Maranzano le confesó a Valachi, quien por entonces era su guardaespaldas, que después de vérselas con Luciano y Genovese se las vería con Capone, Willie Moretti, Frank Costello, Joe Adonis y Dutch Schultz. Pero el plan le falló con los primeros porque llegó a oídos de Luciano los propósitos del Padrino y resolvió darle una sorpresa aquel mismo día.

Salvatore Maranzano concertó una cita con los dos mafiosos para las tres de la tarde en su oficina del número 230 de Park Avenue. En aquel lugar estaba previsto que Vincent Coll, un psicópata al que todos conocían como Perro Loco, los asesinara. Pero nada de esto llegó a ocurrir.

Una hora antes del encuentro, dos ejecutores de Asesinato S.A., a las órdenes de Albert Anastasia, llamaron a la puerta de la oficina de Salvatore Maranzano, que en aquel momento se encontraba solo. Aquellos dos torpedos eran Abe Weinberg y Sammy Levine, quienes asesinaron a puñaladas a Maranzano antes de darle el tiro de gracia en la nuca.

Joe Masseria y Salvatore Maranzano


La Noche de las Vísperas Sicilianas

Algo parecido a la matanza que Salvatore Maranzano pretendía llevar a cabo eliminando a los jóvenes mafiosos que comenzaban a descollar dentro de la Mafia, fue perpetrada por Lucky Luciano durante los días 11 y 12 de septiembre de 1931 en lo que se dio en llamar la Noche de las Vísperas Sicilianas, cuando fueron aniquilados los más importantes mafiosos de la generación anterior (los viejos Pete Mostachos), cuyos métodos habían quedado obsoletos y que podían amenazar el nuevo orden establecido tras la creación del Sindicato del Crimen.
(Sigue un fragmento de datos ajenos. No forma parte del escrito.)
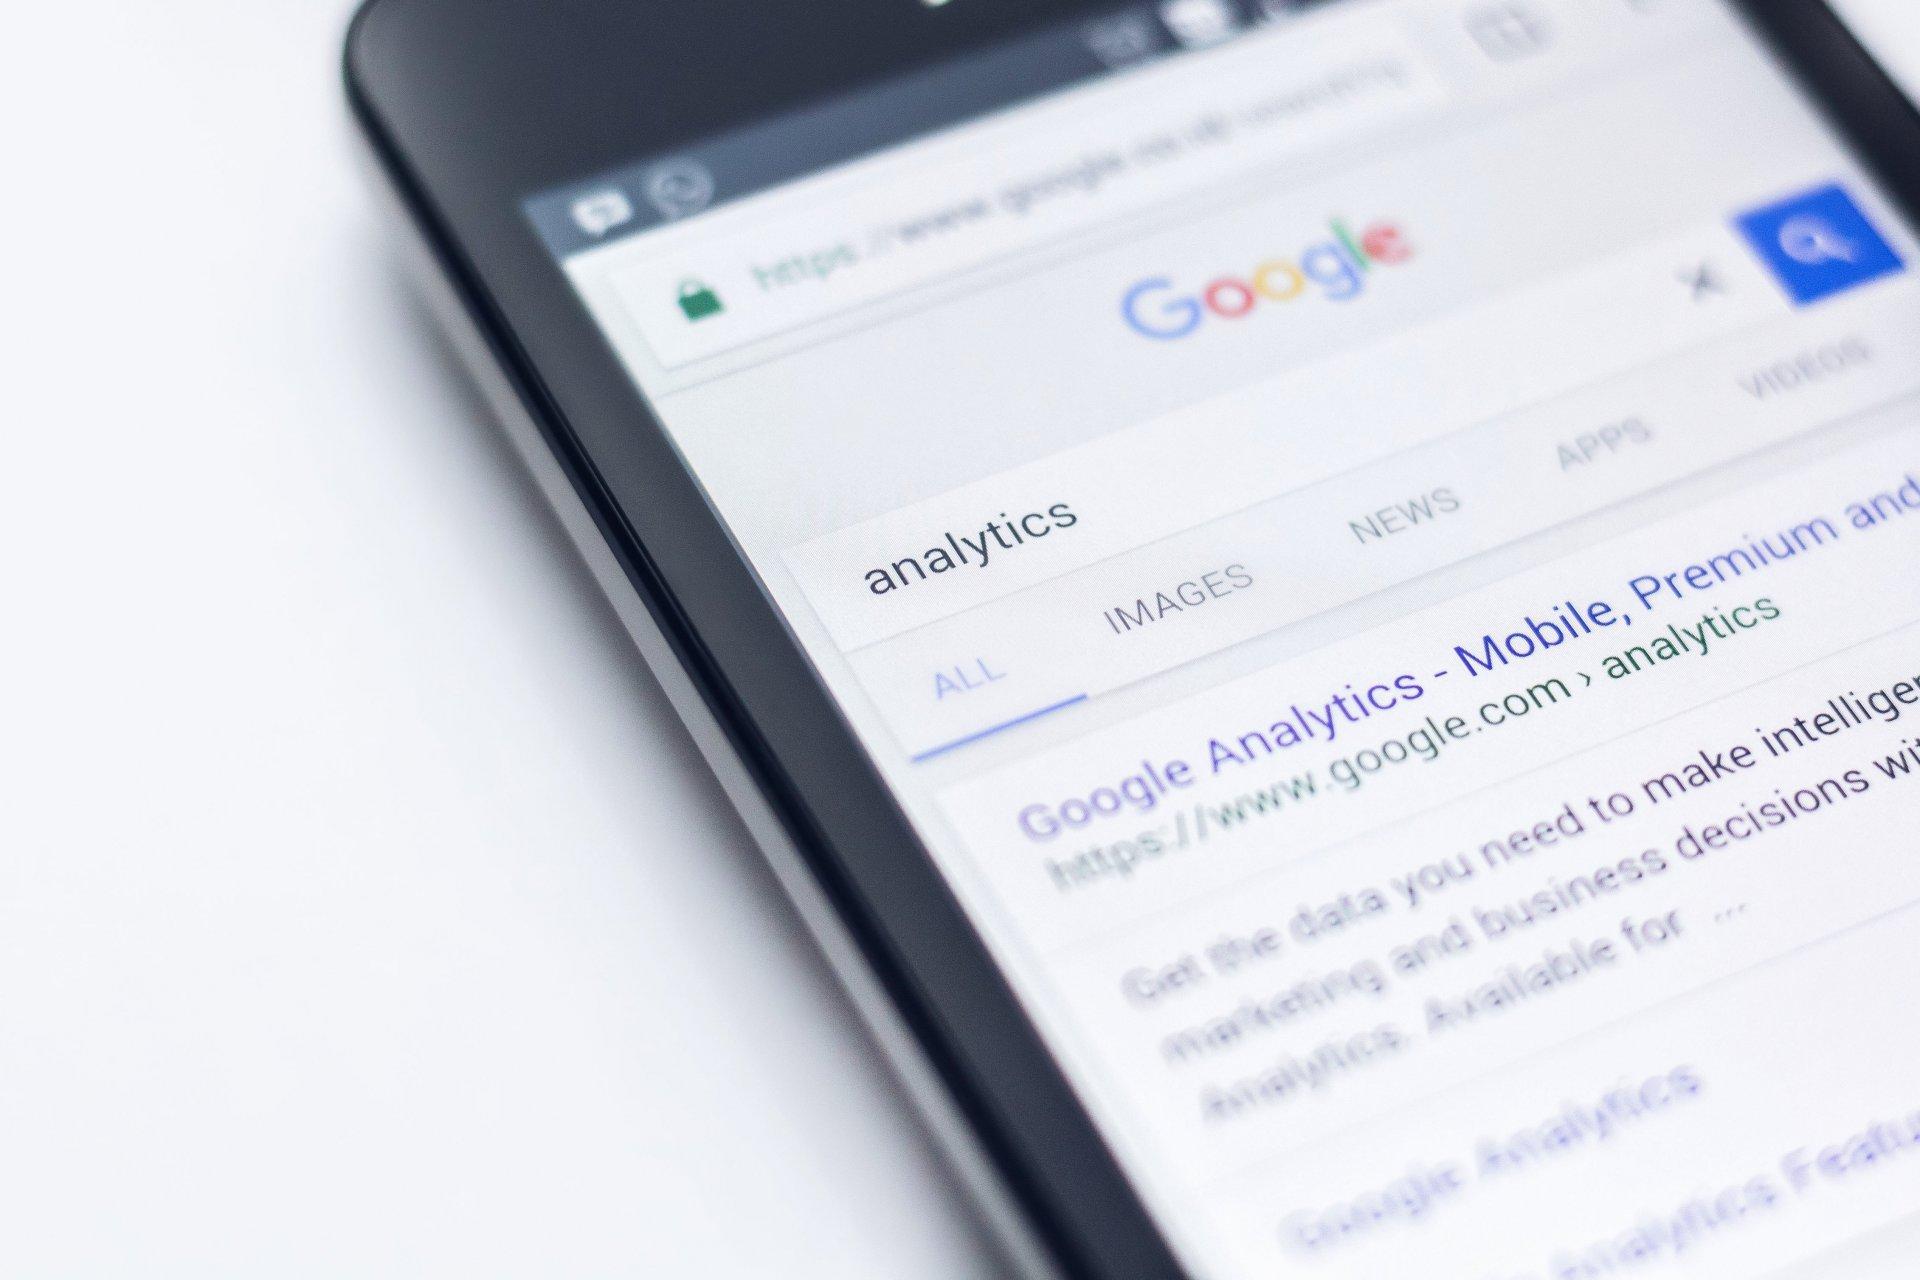 Department of Labor Files Suit Against Google

El sabotaje del USS Normandie

La verdad sobre el hundimiento del buque USS Normandie se conoce gracias a dos documentos de carácter biográfico:

  1. El primero de ellos son las Memorias póstumas del propio Lucky Luciano, donde reveló que fue un sabotaje perpetrado por miembros de la Mafia.
  2. El segundo documento, que vino a ratificar esta teoría, fue la Biografía autorizada que dos autores israelíes escribieron sobre Meyer Lansky.
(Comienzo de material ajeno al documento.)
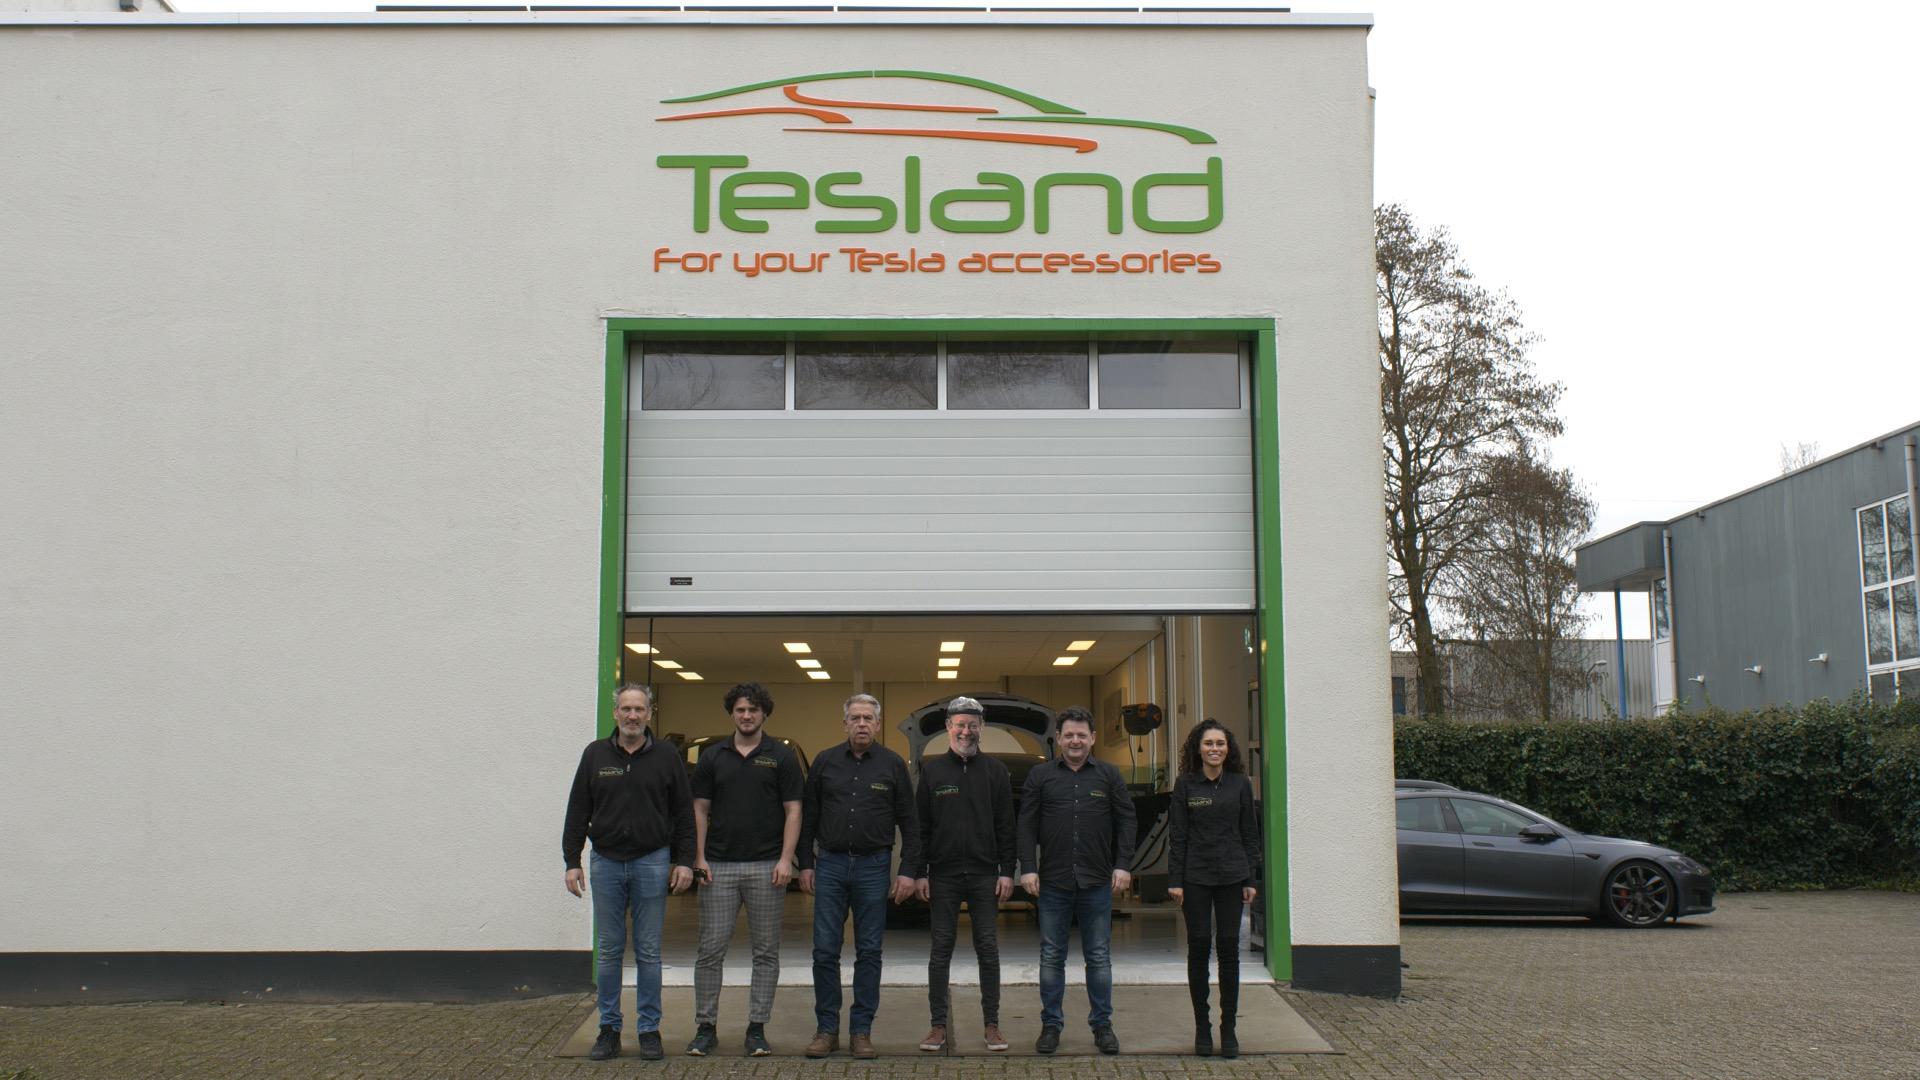 Team Tesland

El propósito de este sabotaje, lógicamente, fue avivar el pánico de la población civil y de las autoridades militares para que solicitaran la ayuda de Luciano en la protección de los muelles y los puertos de la costa oeste.

Uss Normandie

El Normandie en llamas, en el Puerto de Nueva York, 9 de Febrero de 1942


Meyer Lansky

Meyer Lansky

Imagen de la ficha policial de Meyer Lansky

Aunque nunca fue un hombre hecho de Cosa Nostra debido a su origen judío, Meyer Lansky (1902-1983) fue sin duda uno de los más importantes líderes de la Mafia en Estados Unidos. Amigo íntimo de Lucky Luciano desde la infancia, fue protagonista de los principales acontecimientos de la historia del Sindicato del Crimen durante seis décadas.

Sin el genial asesoramiento de este judío polaco, cuyo verdadero nombre era Maier Suchowljansky, es probable que nunca hubieran existido ni la Comisión, ni Asesinato S.A y ni siquiera las estrechas relaciones que mantuvieron entre sí durante todo el siglo XX las 28 familias de la Cosa Nostra.
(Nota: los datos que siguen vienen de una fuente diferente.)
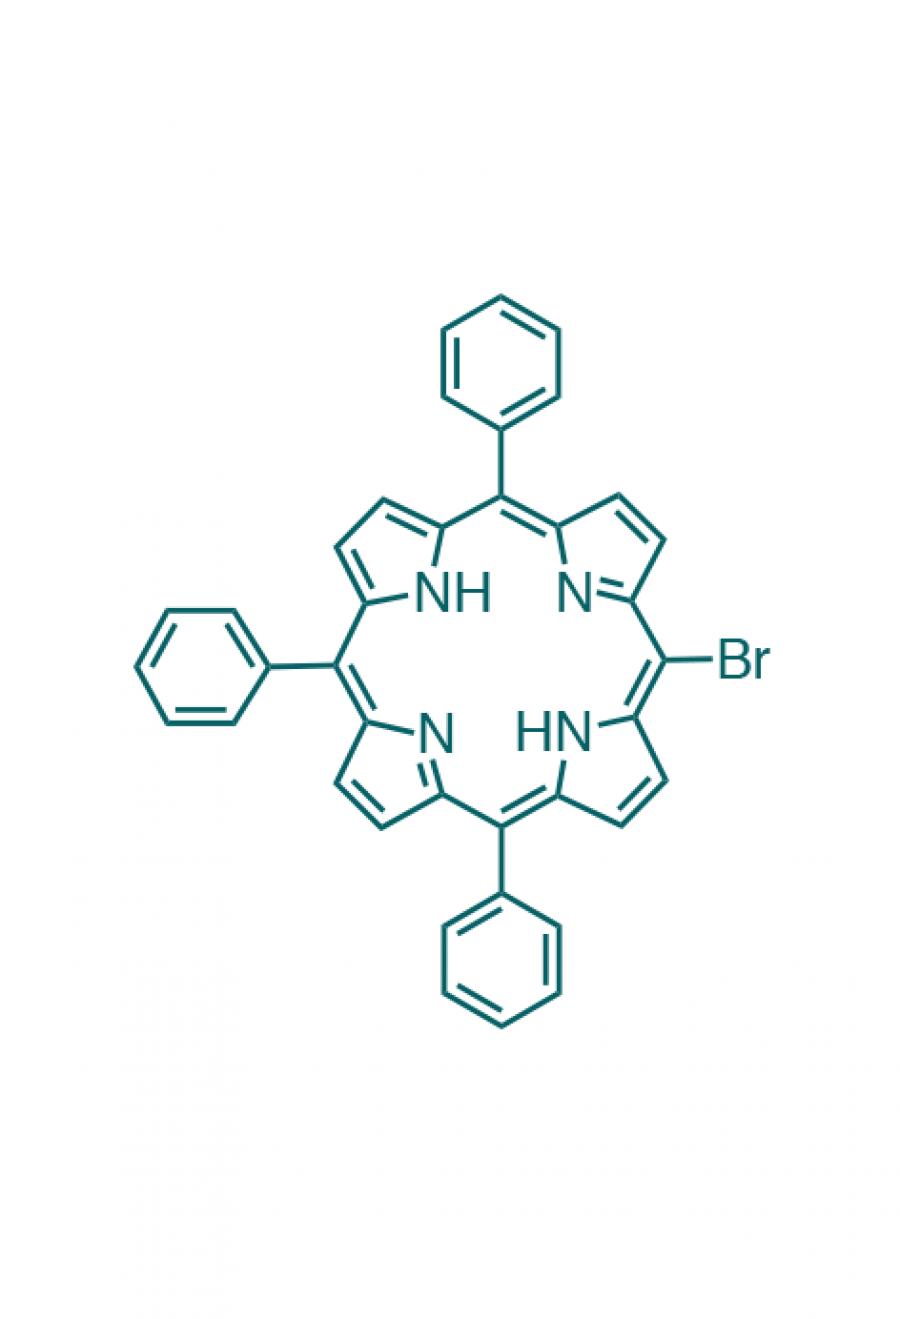 5-(bromo)-10,15,20-(triphenyl)porphyrin

Meyer Lansky fue un verdadero dirigente en la sombra, líder indiscutible de la Kosher Nostra judía y el máximo responsable de la expansión de los negocios del Sindicato en la Cuba de Battista y en el estado de Nevada. Después del asesinato de su amigo Bugsy Siegel, Meyer Lansky fue quien convirtió la ciudad de las Vegas en lo que hoy es, el mayor reino del juego que existe en el mundo.

Aunque desde 1970 sufrió la persecución implacable del FBI por distintos delitos federales, nunca consiguieron encerrarlo. Como a tantos cabecillas del Crimen Organizado, también a Lansky lo acusaron por impago de impuestos, pero curiosamente fue declarado “no culpable”. También en la década de 1970, Lansky quiso acogerse a la llamada “ley de no retorno” del gobierno de Israel, reclamando así la nacionalidad israelí, pero el gobierno judío prefirió no comprometer sus relaciones con la CIA y le negó la entrada en el país.

Meyer Lansky se establecería definitivamente en Miami, donde murió plácidamente en 1983. Sin lugar a dudas fue, junto a Johnny Torrio, la más brillante cabeza del Crimen Organizado.

Meyer Lansky niega la existencia de la Mafia

Fue casi una consigna de Cosa Nostra la negación constante de la propia existencia de la Mafia


Como curiosidad, la vida de Meyer Lansky inspiró a Mario Puzo y Francis Ford Coppola para la creación del personaje de Hyman Roth en la segunda parte de El Padrino. Al famoso gángster lo interpretó en la pantalla el actor Lee Strasberg.

Meyer Lansky - Lee Strasberg


 Louis Lepke Buchalter

Louis Lepke Buchalter - Wanted

Louis Lepke Buchalter (1897-1944), amigo de la infancia de Lucky Luciano, llegaría a convertirse en el más famoso gángster de la década de 1930. Además de dirigir los negocios del juego en Nueva York, fue uno de los históricos ejecutores de Asesinato S.A., y miembro asimismo de la Kosher Nostra de Meyer Lansky.

Debido a sus múltiples asesinatos, se convirtió en objetivo prioritario de la persecución del director del FBI Edgar J. Hoover y del fiscal Thomas E. Dewey, hasta que fue detenido en 1939. Encerrado en una prisión federal, en 1944 se convirtió en el primer mafioso que fue ejecutado en la silla eléctrica.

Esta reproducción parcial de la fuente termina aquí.